Che cosa sono i rigurgiti valvolari?
Le valvole cardiache funzionano come porte che si aprono e chiudono per permettere al sangue di scorrere nel cuore in modo corretto. Un rigurgito valvolare è un piccolo flusso di sangue che torna indietro attraverso una valvola quando questa dovrebbe essere chiusa.
Perché i rigurgiti sono frequenti negli atleti?
- Gli studi mostrano che molti atleti, specialmente quelli molto allenati, presentano rigurgiti alle valvole mitrale, tricuspidale e polmonare.
- Questi rigurgiti sono spesso piccoli e non causano sintomi o problemi di salute.
- L’allenamento intenso provoca un ingrandimento fisiologico del cuore, che può allargare leggermente le valvole, rendendo più facile il passaggio di piccole quantità di sangue all’indietro.
- La frequenza di questi rigurgiti aumenta con il tempo e l’intensità dell’allenamento.
Come vengono rilevati i rigurgiti?
Si usano esami chiamati ecocardiografia Color-Doppler, che permettono di vedere il flusso del sangue nel cuore e individuare anche piccoli rigurgiti. Questi esami sono molto sensibili e possono mostrare rigurgiti anche in persone sane senza malattie cardiache.
Caratteristiche dei rigurgiti negli atleti
- Il rigurgito mitralico è presente nel 20-69% degli atleti, di solito con un jet di piccole dimensioni (meno di 2 cm di lunghezza e 2 cm2 di area).
- Il rigurgito tricuspidale è ancora più comune, fino al 96% in alcuni studi, con flusso centrale e continuo durante la contrazione del cuore.

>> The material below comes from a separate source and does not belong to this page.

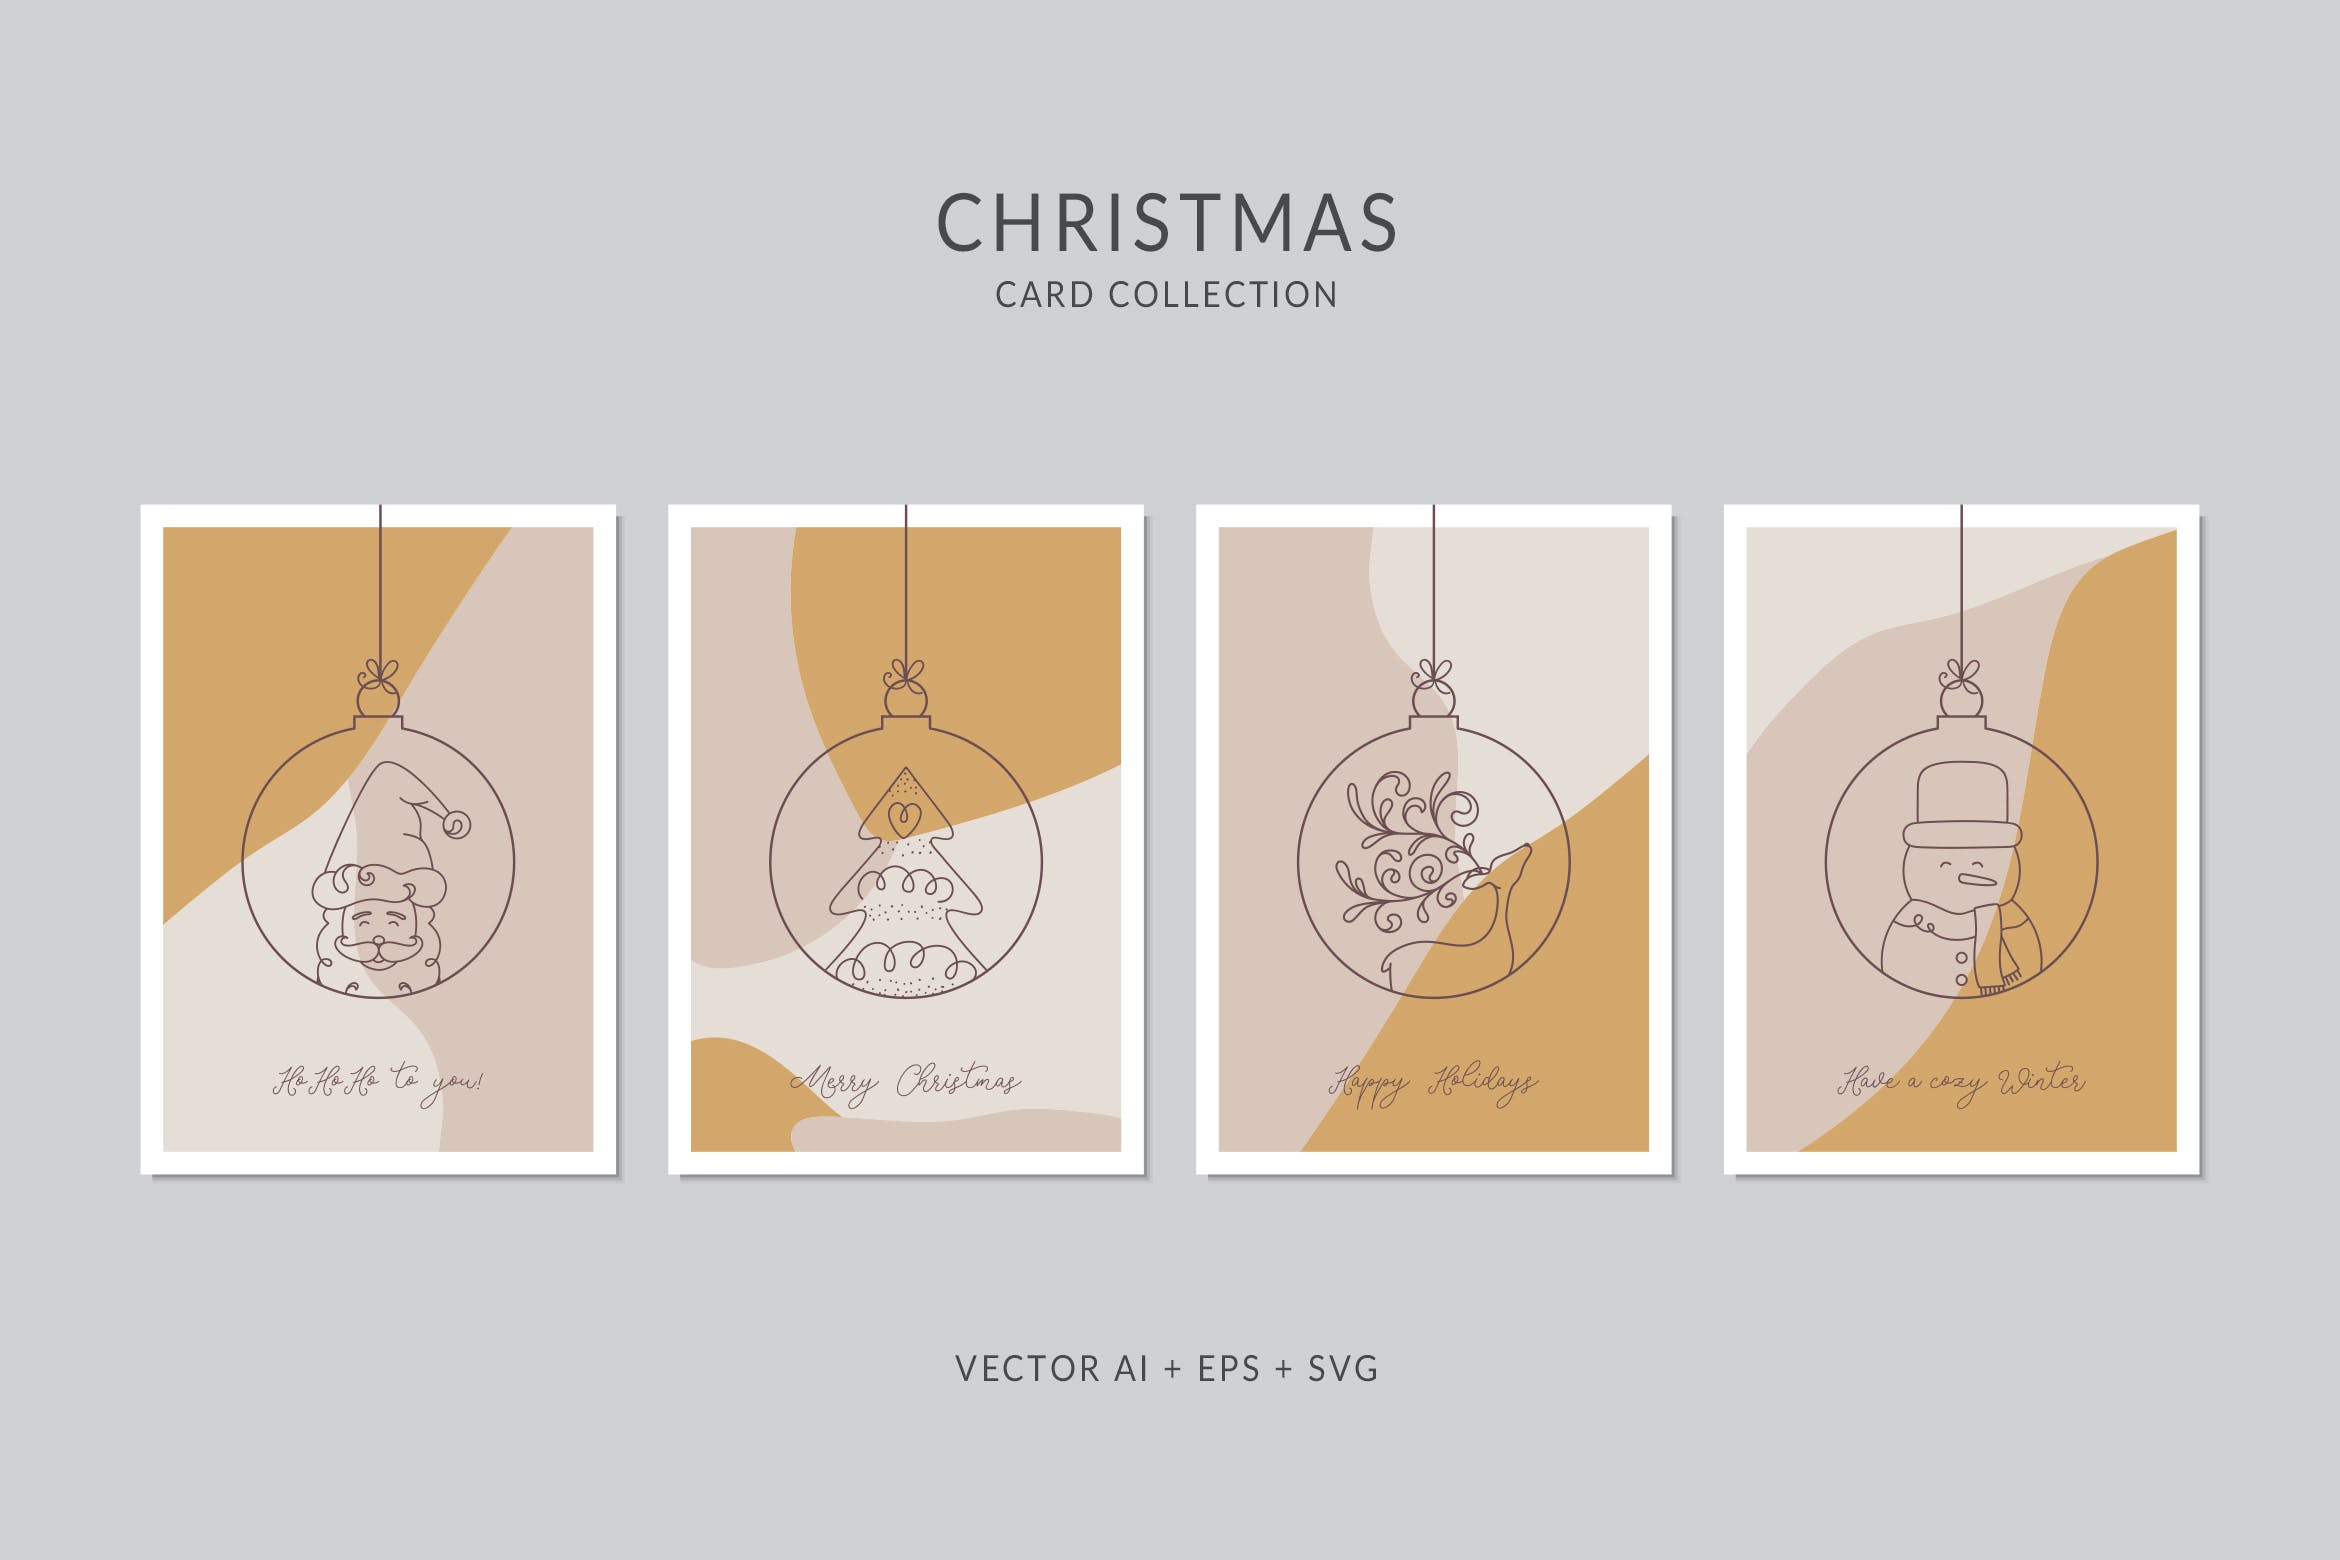 圣诞节贺卡简笔画艺术风格矢量设计模板集v6 Christmas Greeting Card Vector Set设计素材模板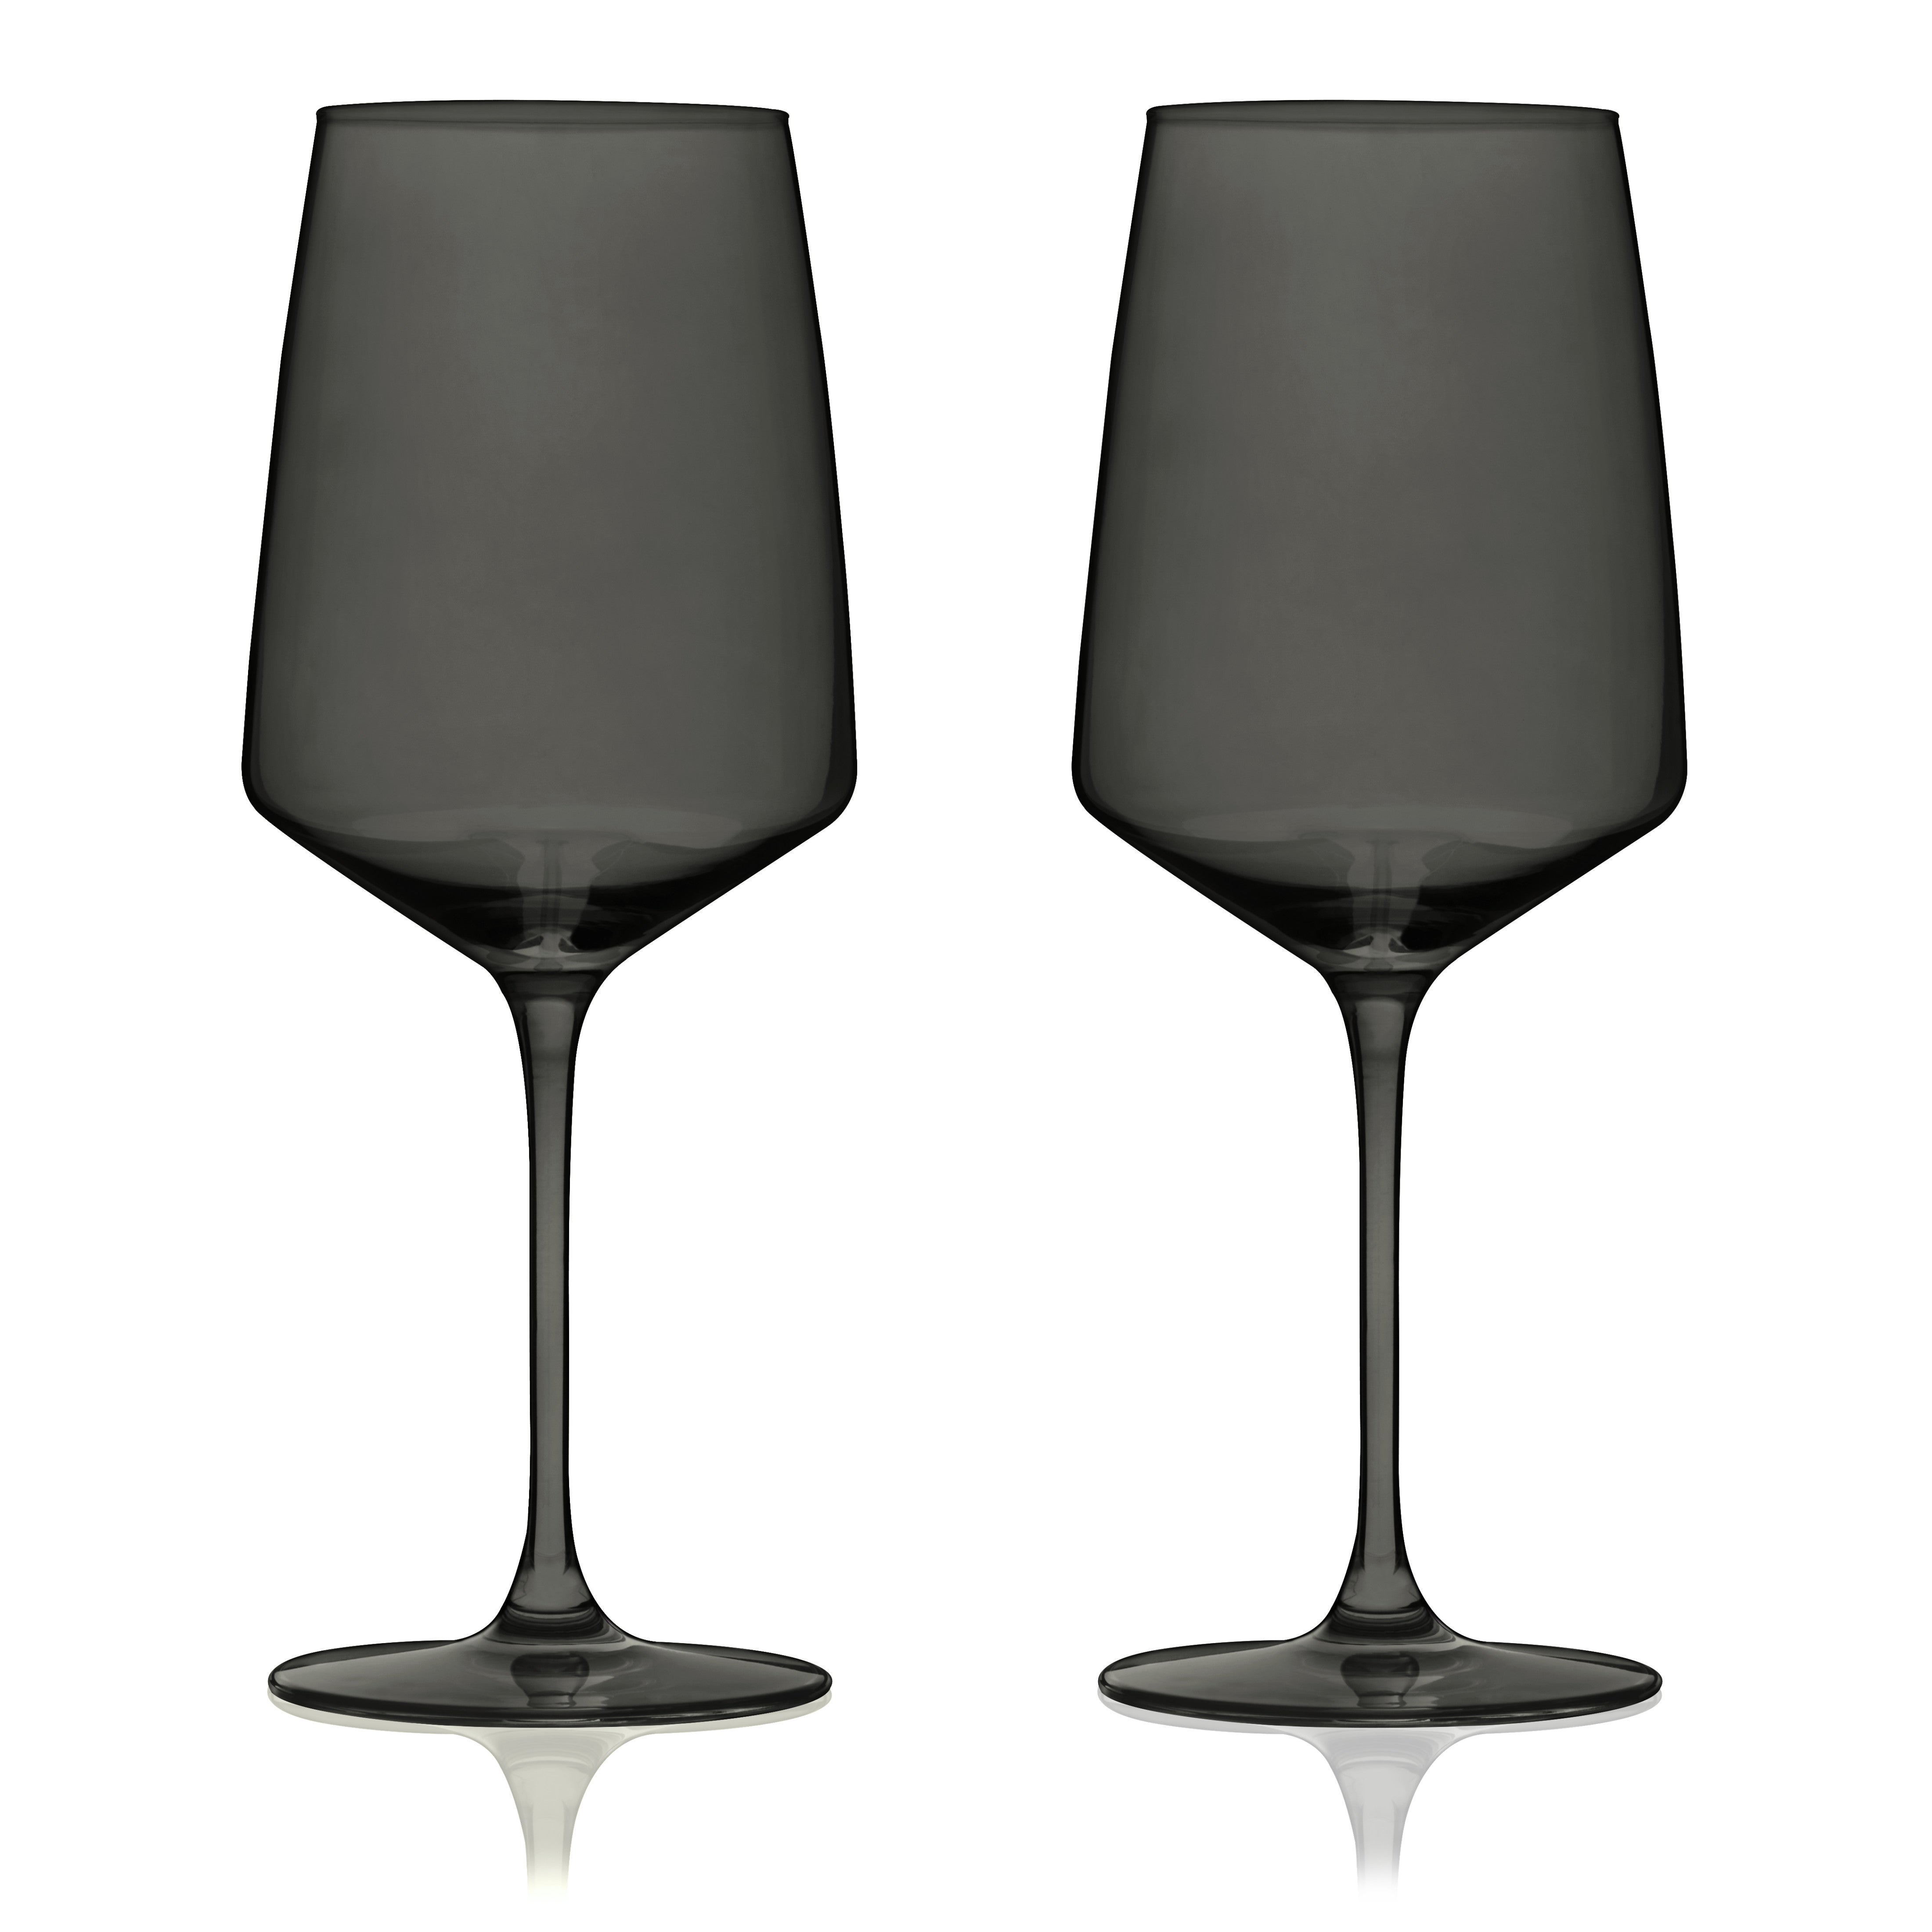 Viski Reserve Colored Wine Glasses, Set of 2, Smoke

- Il rigurgito polmonare è frequente e può durare tutta la fase di rilassamento del cuore.
- Il rigurgito aortico è raro nei giovani atleti con cuore normale, ma può comparire in atleti più anziani con piccole dimensioni.
- Spesso si osservano rigurgiti in più valvole contemporaneamente, ma sono trascurabili.
Quando i rigurgiti sono considerati normali?
Un rigurgito è considerato fisiologico (normale) se:
- Le valvole sono strutturalmente normali, senza danni o deformazioni.
- Il rigurgito è piccolo e limitato a una zona vicina alla valvola.
- Non ci sono segni di turbolenza o alterazioni importanti al Doppler.
- Gli altri esami cardiaci (elettrocardiogramma, radiografia, ecocardiogramma) sono normali.
Lo studio sugli atleti agonisti di endurance
Uno studio italiano su 40 ciclisti agonisti ha mostrato:
- Età tra 24 e 37 anni, con frequenza cardiaca a riposo bassa (37-48 battiti al minuto), pressione sanguigna normale e buona ossigenazione del sangue.
- Cuore con dimensioni e funzione normali.
- Rigurgiti alla valvola mitrale nel 63% degli atleti, tricuspidale nel 73%, polmonare nel 75%, e aortica solo nel 3%.
- Circa l’80% degli atleti presentava almeno un piccolo rigurgito valvolare.
Importanza clinica e monitoraggio
Questi rigurgiti sono generalmente insignificanti dal punto di vista clinico e non indicano malattia. Tuttavia, è importante che gli atleti continuino a fare controlli regolari per monitorare la salute del cuore, soprattutto se praticano sport ad alta intensità per lunghi periodi.
In conclusione
Nei atleti, piccoli rigurgiti valvolari sono comuni e fanno parte degli adattamenti normali del cuore all’esercizio fisico intenso. Questi rigurgiti non indicano problemi di salute e non richiedono cure specifiche, ma è consigliabile un monitoraggio periodico per assicurarsi che il cuore rimanga sano.